At around the turn of this century NSW made a different decision. Enjoying faster population growth than Victoria, it under-invested in the things that were needed to make the state work, partly to pay for the stadiums that housed the Olympics. Its population growth slid below Victoria's and never recovered.
Victoria's treasurer could have given the bounty back in tax cuts. He could have allowed the surplus to soar. He could have spent it on monuments of little value as did NSW. Instead, he wants to use it to ensure the city and suburbs and regions work.
He'll spend a record $7 billion in the coming financial year, followed by as much, if not more, the next year, and up to $8 billion in 2020-21. Not all of it is on projects that are yet known. It includes what Mr Pallas calls "headroom". It's the amount his treasury officials believe is safe to spend on worthwhile projects when they are identified.
Heading the list is the Melbourne Metro, all the way through to completion in 2026. If a "future Commonwealth government" wants to help, Mr Pallas will accept its money, but he is sick of being messed around.
He says Melbourne is on track to overtake Sydney as Australia's biggest city from 2030. So he is spending big on suburban rail lines, regional lines and the Western Distributor, all "without a dollar from the Commonwealth government". He is going to spend $900 million upgrading and building schools, "the biggest single school investment in Victoria's history".
It's a commitment that can only be safely made by someone who thinks he'll have the money.

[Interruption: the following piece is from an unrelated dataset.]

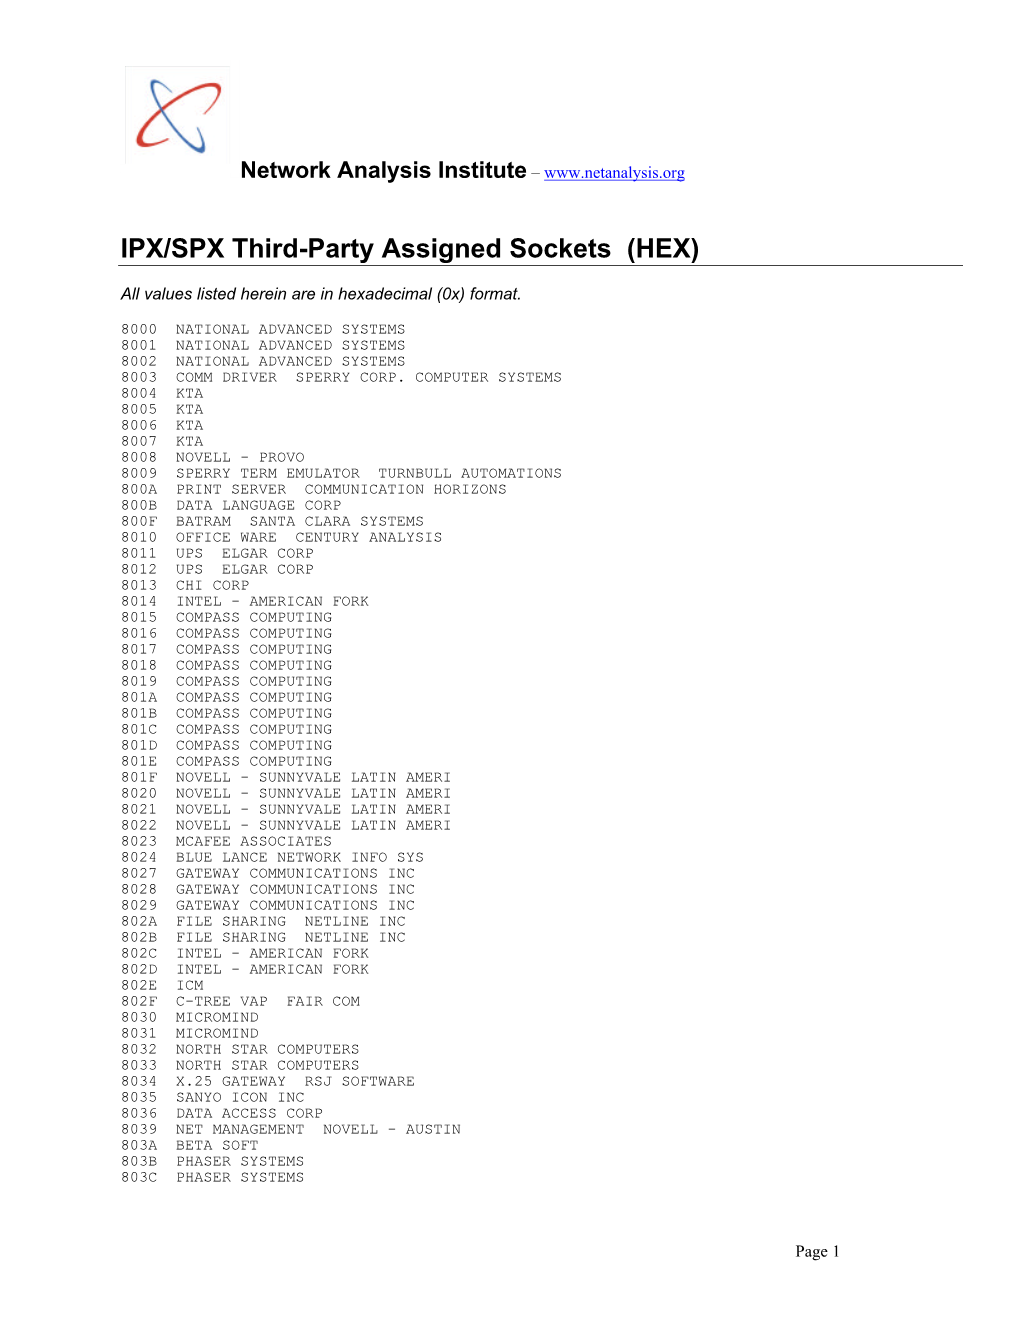 Netware IPX Socket List

Income from stamp duties has shot up 23 per cent in the past year. He is raking in $1 billion more than he expected this time last year. Treasury is wisely expecting some pullback, a slide of 6.4 per cent in 2016-17, and then growth, eventually reaching a long-run average of about 6 per cent a year. There's not much science to its projection. Treasury staff freely concede they don't know when or if prices will pull back. The only reason for expecting growth to eventually revert to the long-term trend is because it's the long term trend.
If property prices turn down sharply and stay down, Mr Pallas might find he doesn't have the money he thinks he will have. But his decision to boost spending on the things that make the city more livable will enhance his odds. The extra spending should itself ensure that Australians keep flocking to Victoria and gain jobs, boosting revenue further.

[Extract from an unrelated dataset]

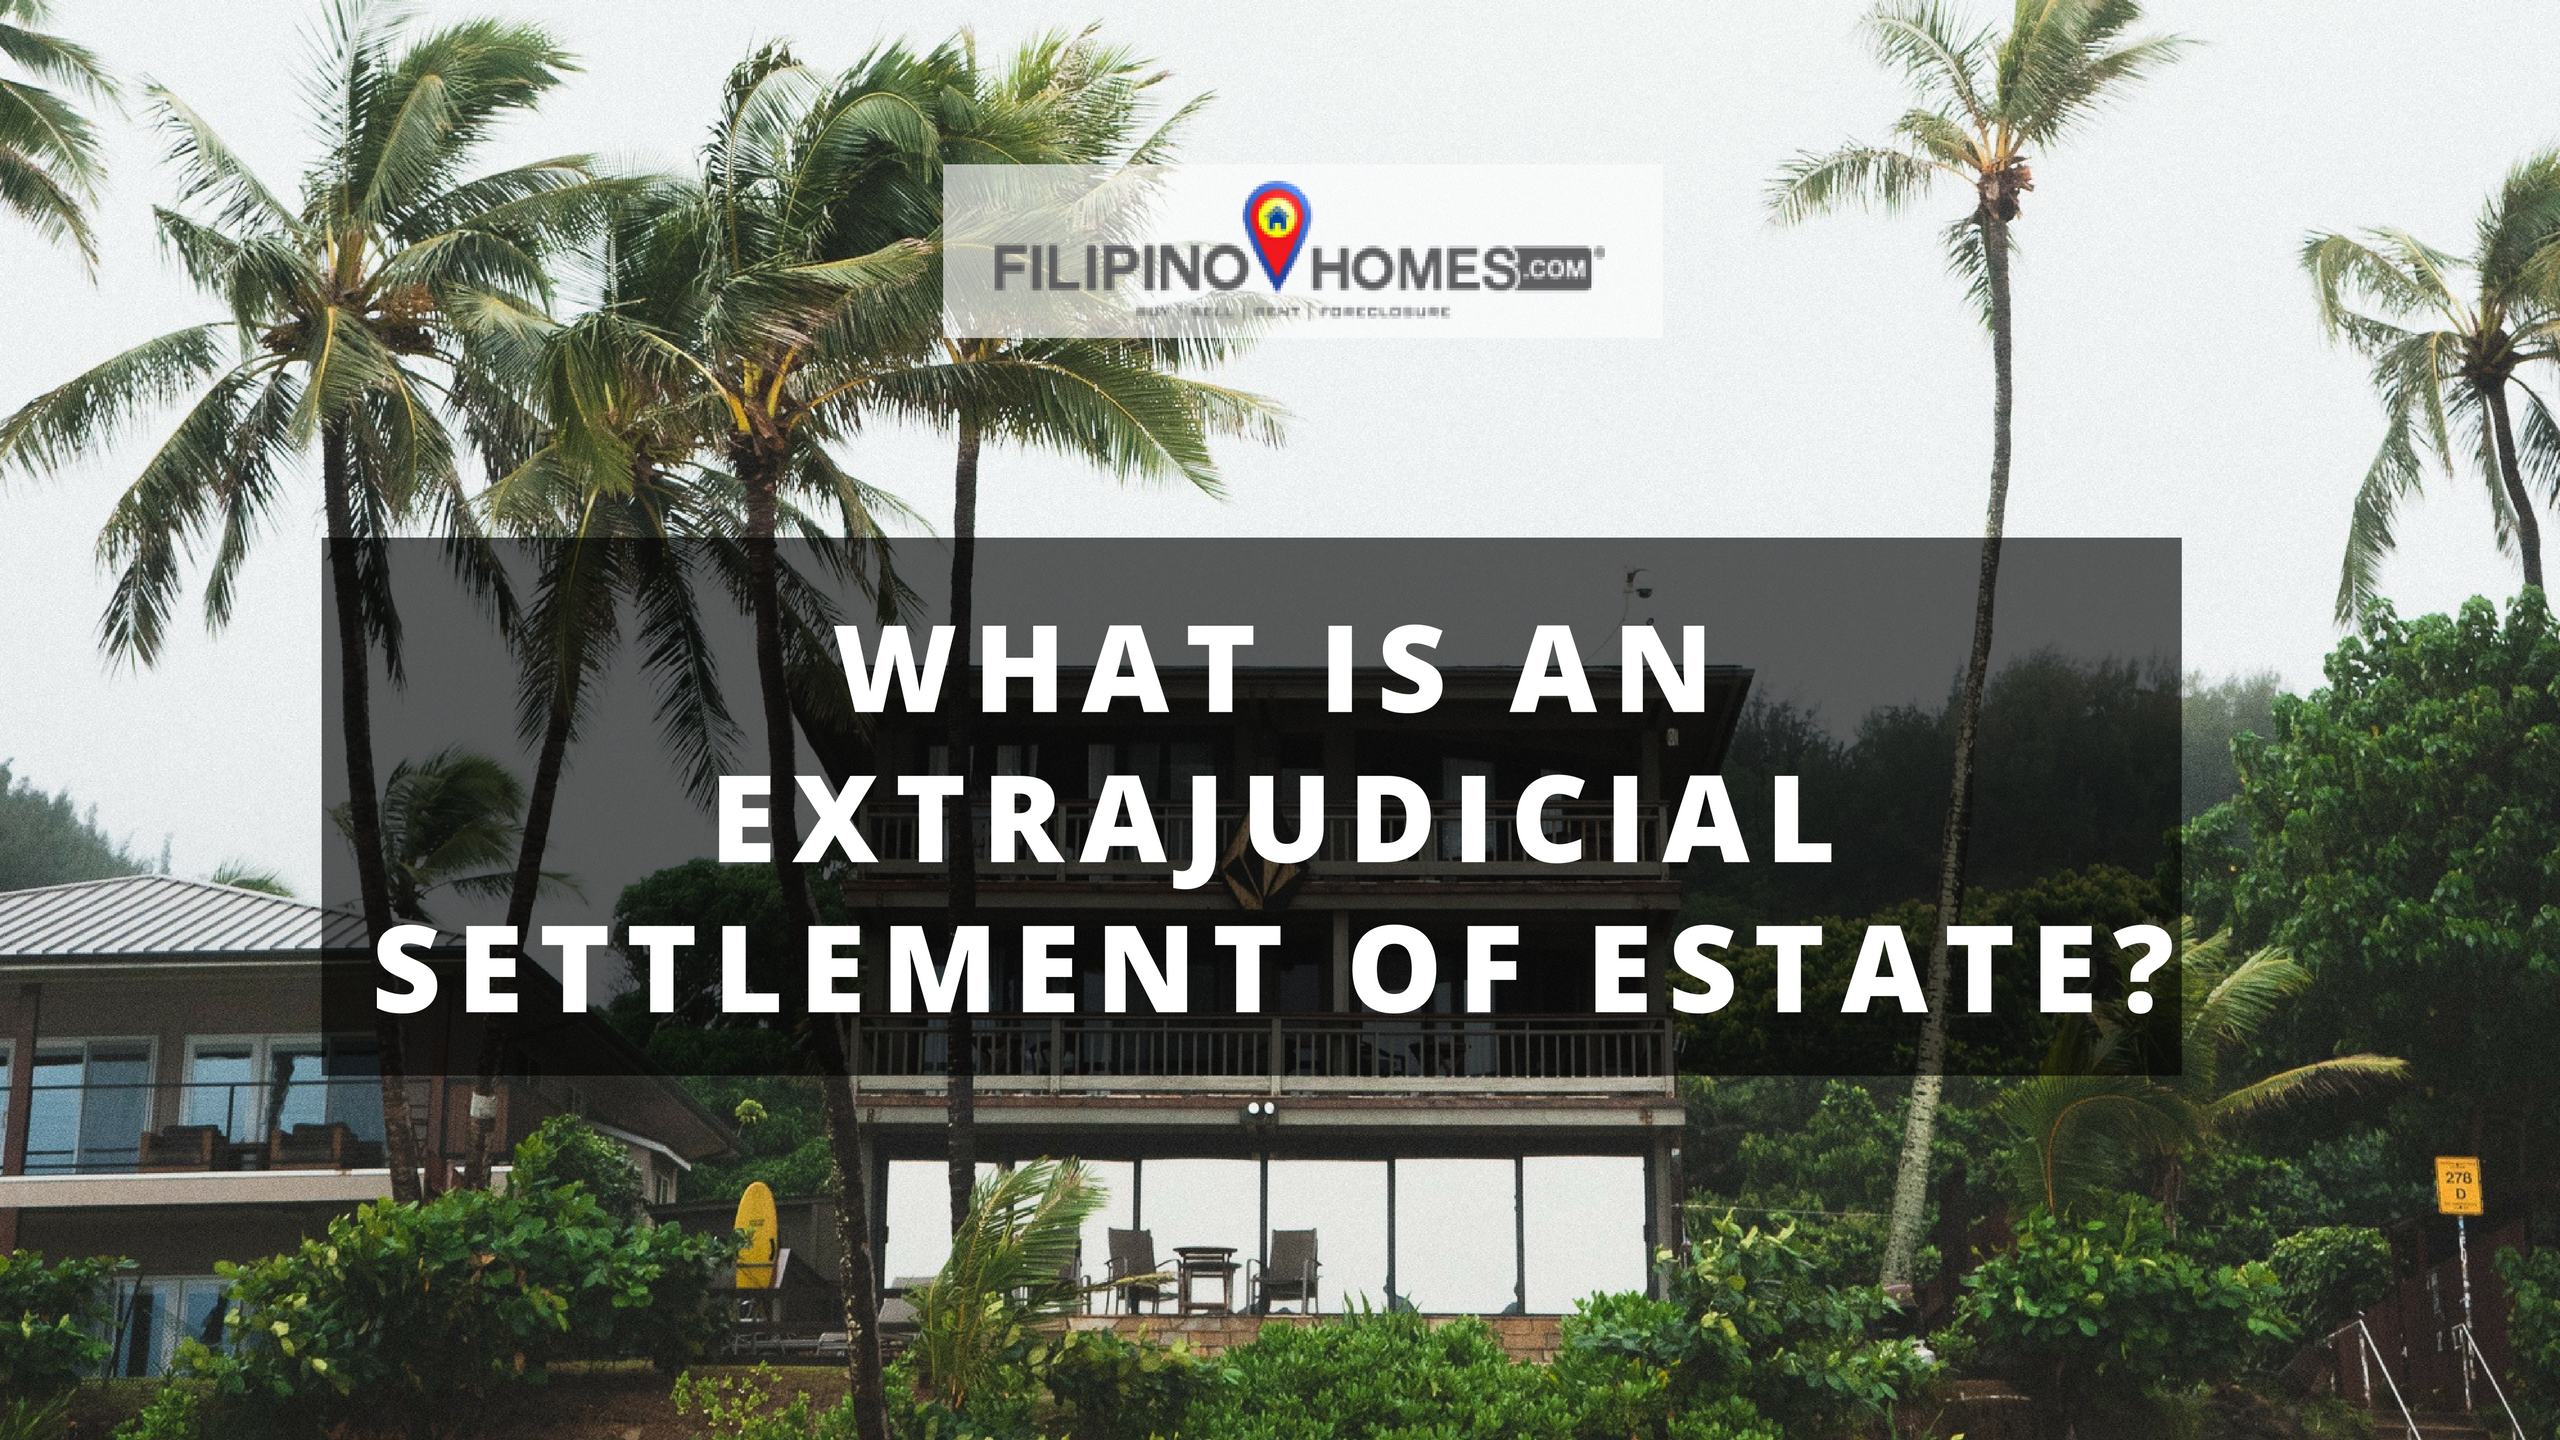 filipino homes | extrajudicial settlement of estate

He is certain it won't deprive him of his prized triple-A credit rating. In fact he says the only chance he has of losing it is if the Commonwealth loses its top rating first, something that's entirely possible.
The ratings agencies have been told the investment is for projects that will set up Victoria for the future, ones that pass a strict cost-benefit test. Spending on the ordinary business of government is set to climb by less than revenue over each of the four years. To keep the agencies happy he is lifting an array of taxes and charges by far more than he is cutting payroll tax, by around $150 million more each year.